Given material

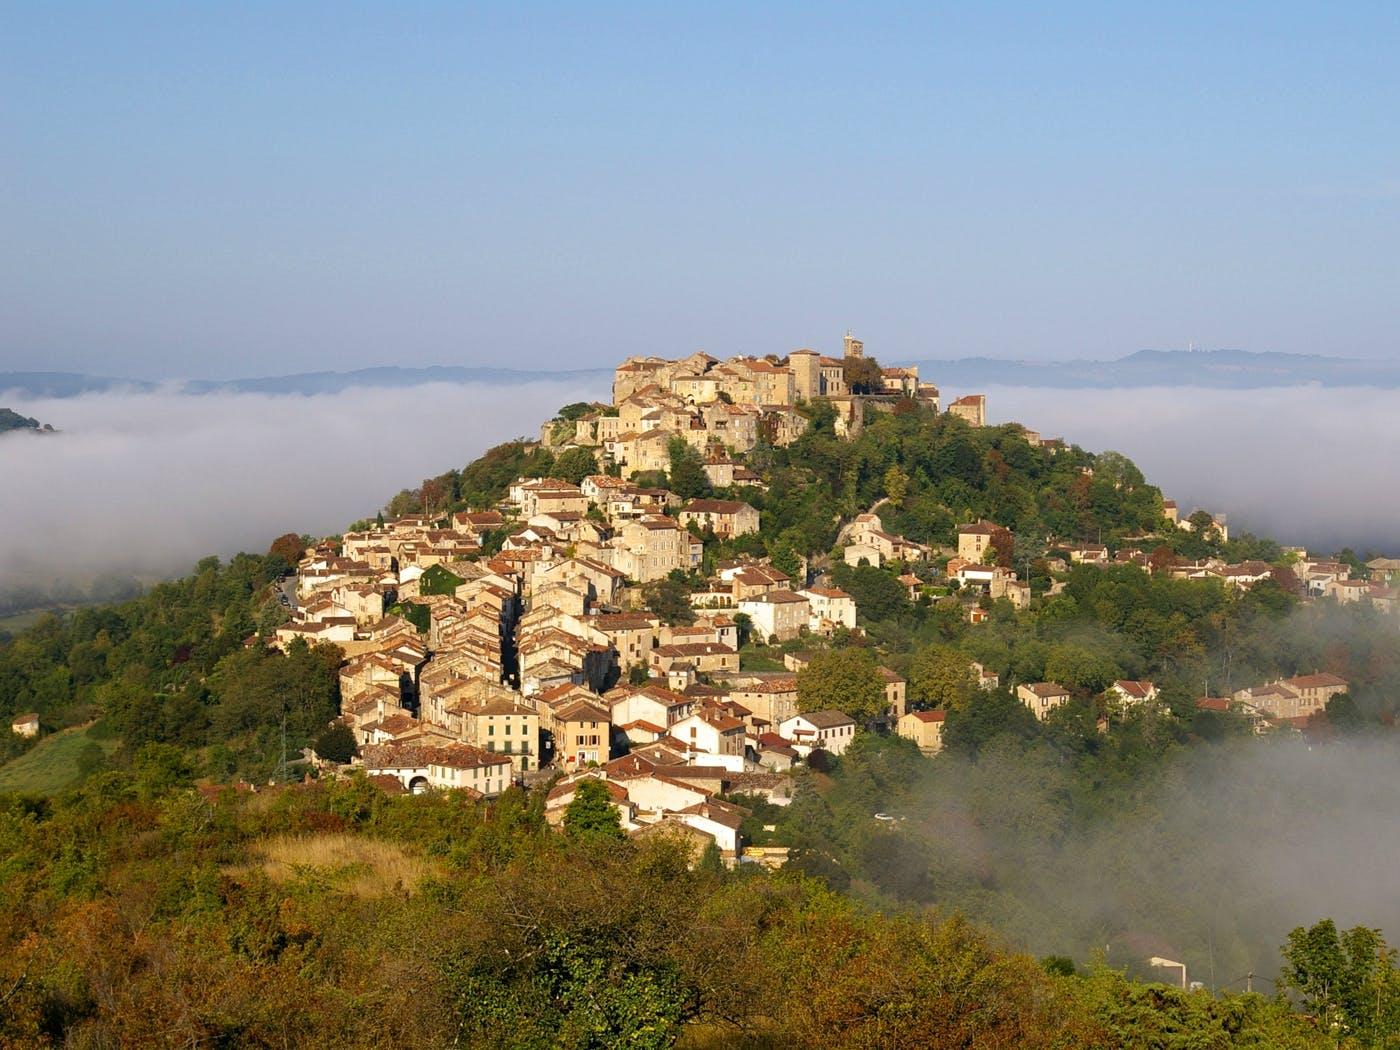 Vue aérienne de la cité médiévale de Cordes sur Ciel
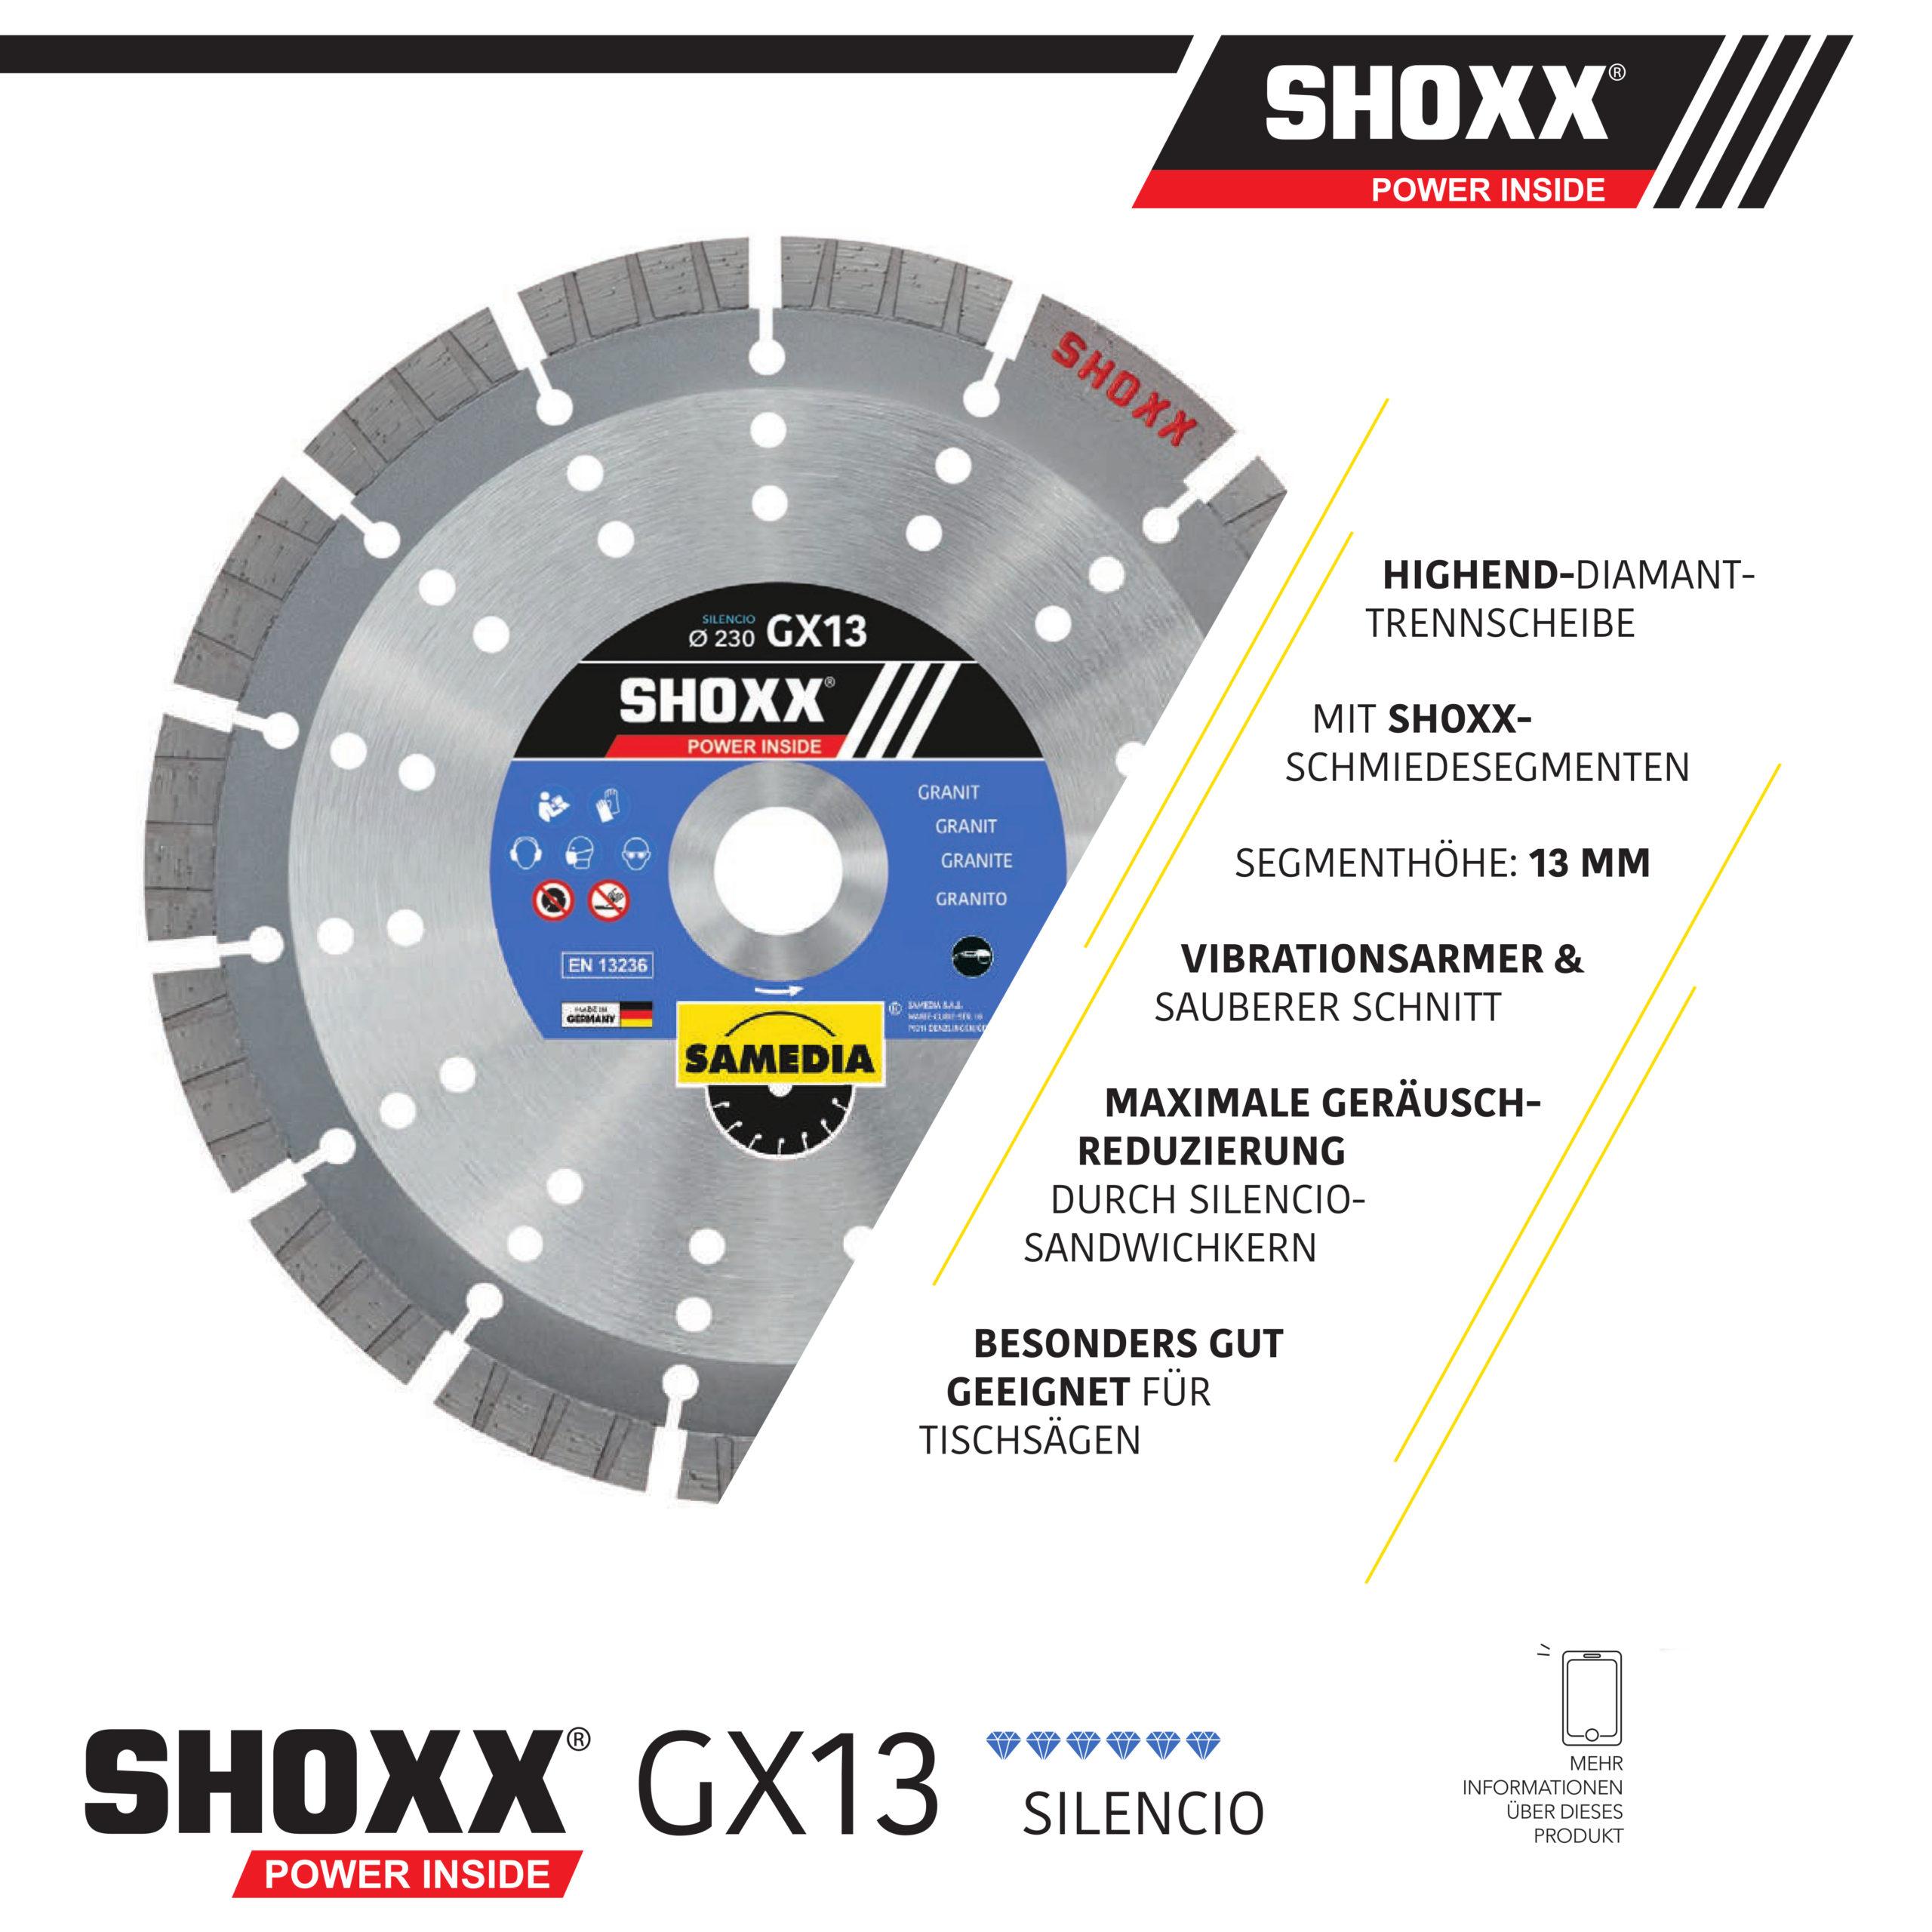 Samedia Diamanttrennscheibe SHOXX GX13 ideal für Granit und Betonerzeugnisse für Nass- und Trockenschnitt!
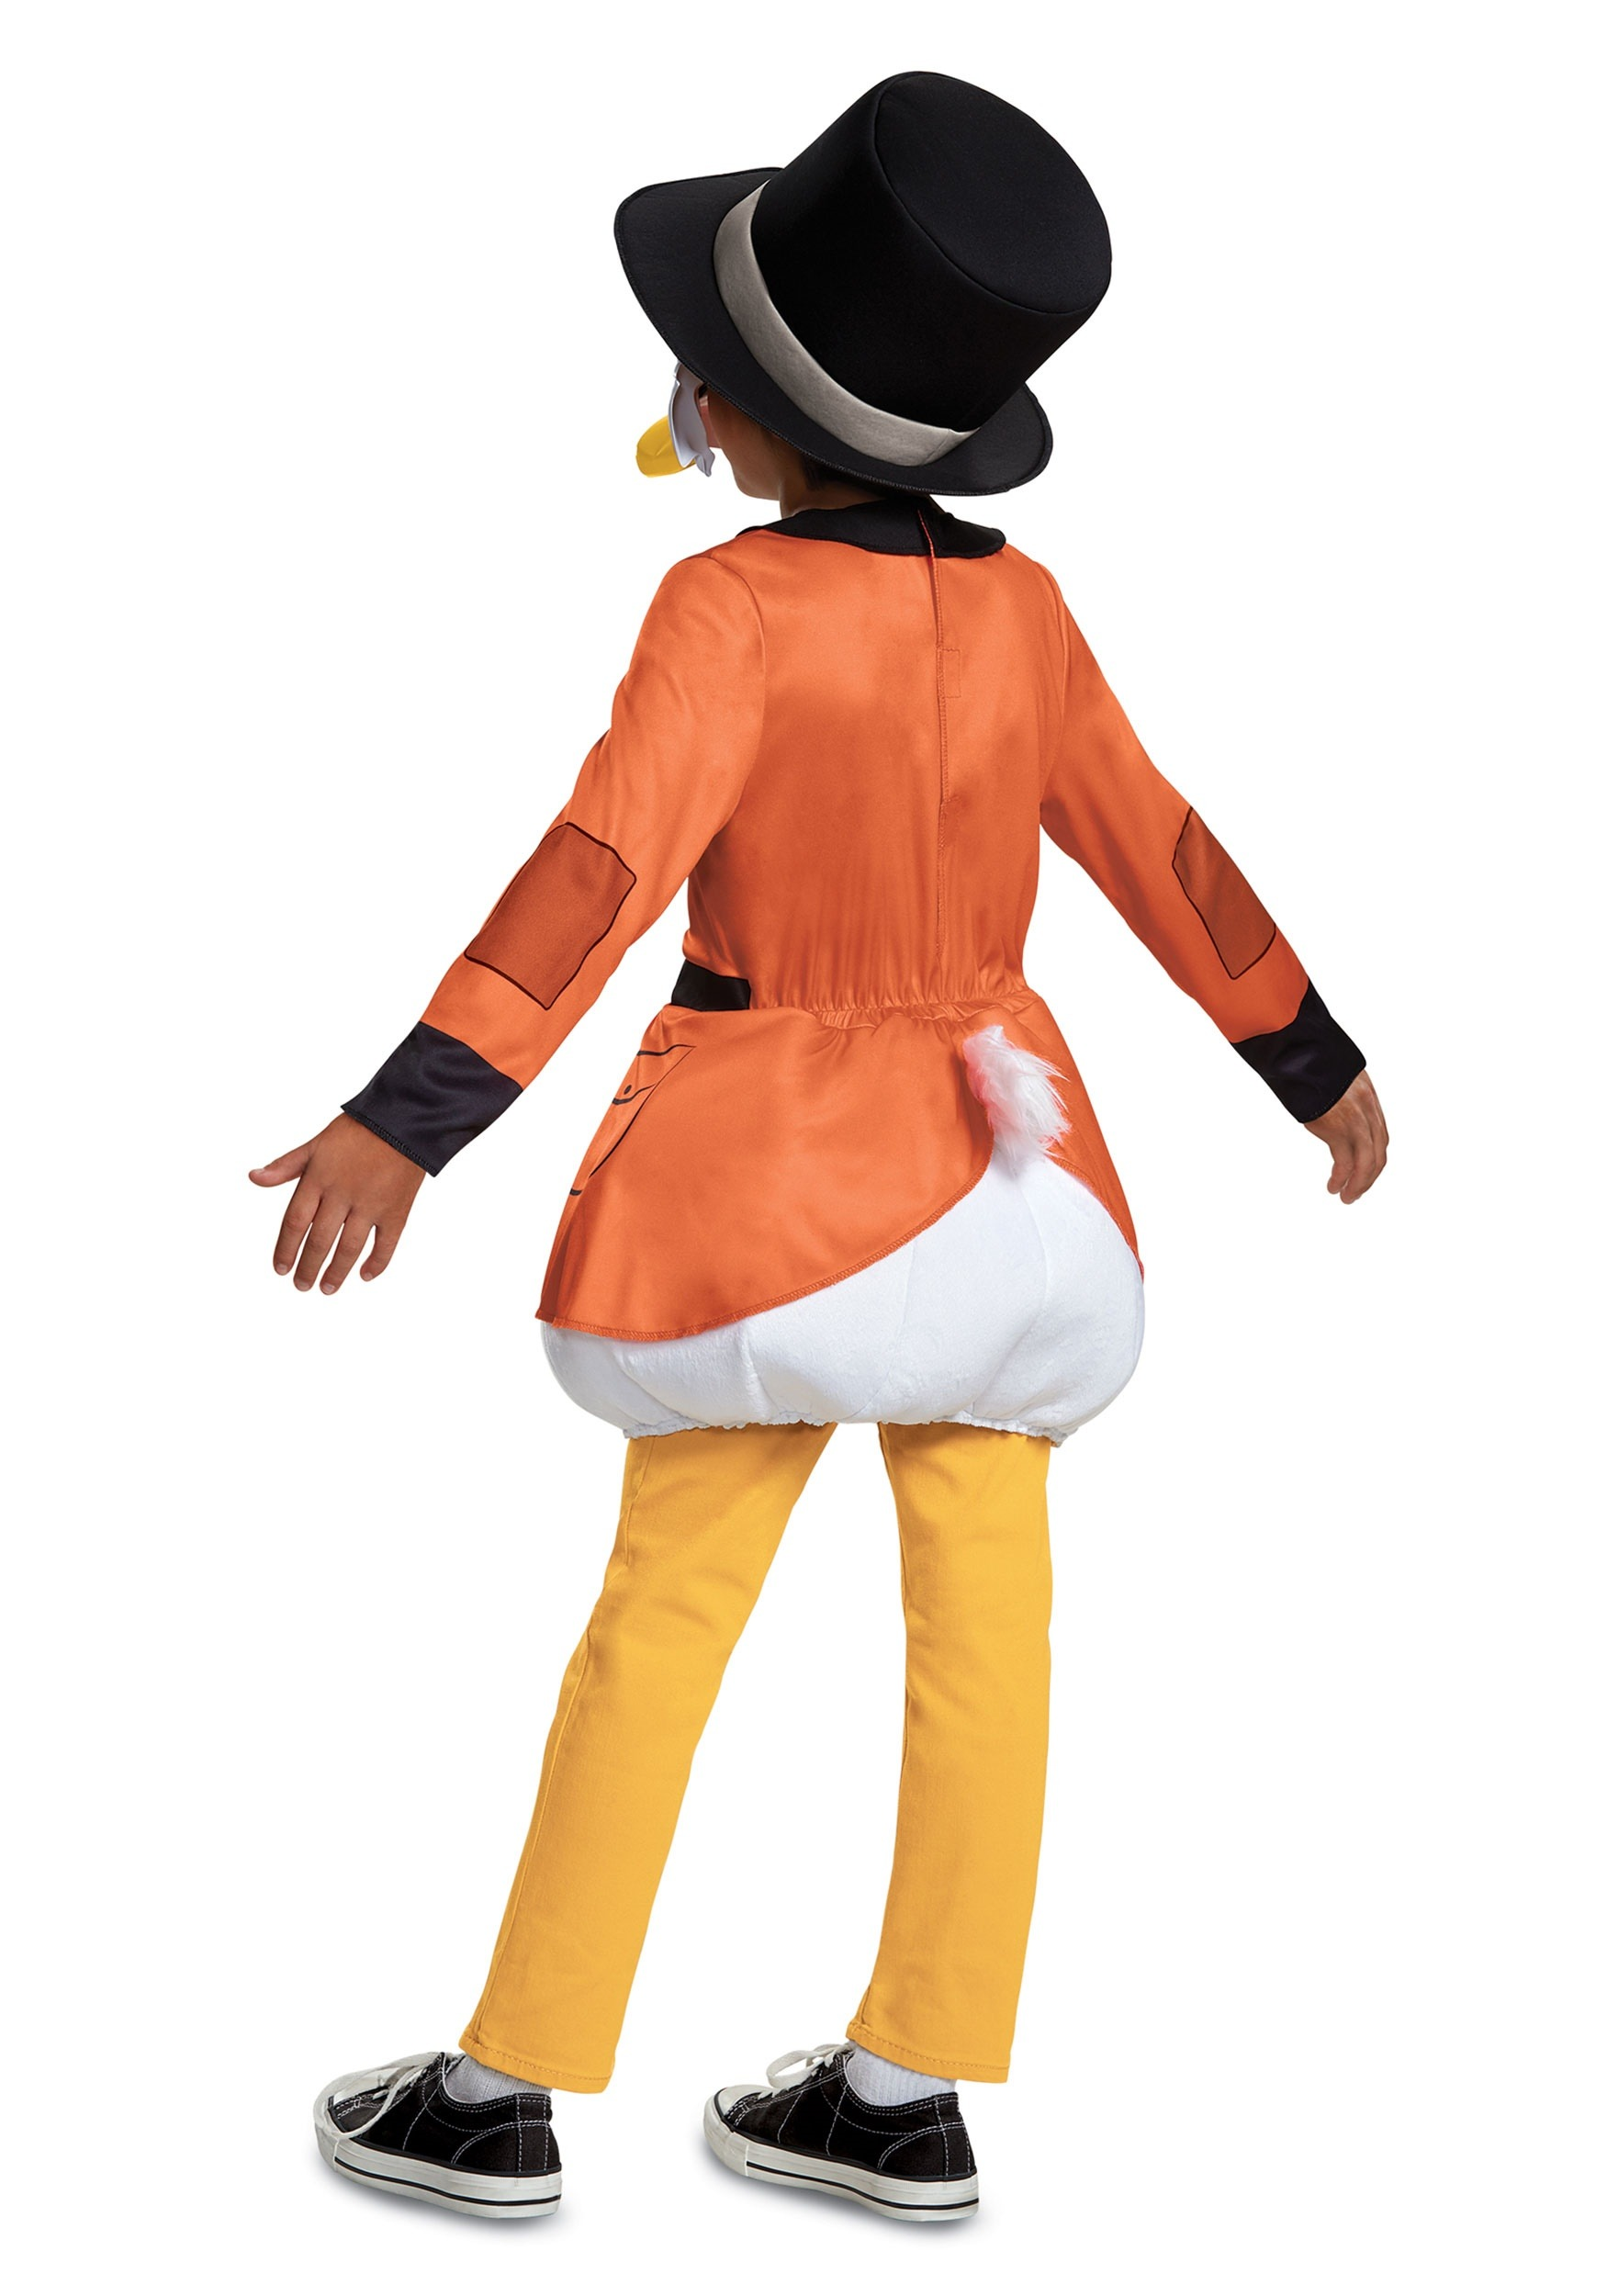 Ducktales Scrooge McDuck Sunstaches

Brief
Your answer must be an exact copy of the lines from the one with "Samedia Diamanttrennscheibe SHOXX" through the final line of the data, both included, without any pictures.

Solution for this exercise
 Samedia Diamanttrennscheibe SHOXX GX13 ideal für Granit und Betonerzeugnisse für Nass- und Trockenschnitt!
 Ducktales Scrooge McDuck Sunstaches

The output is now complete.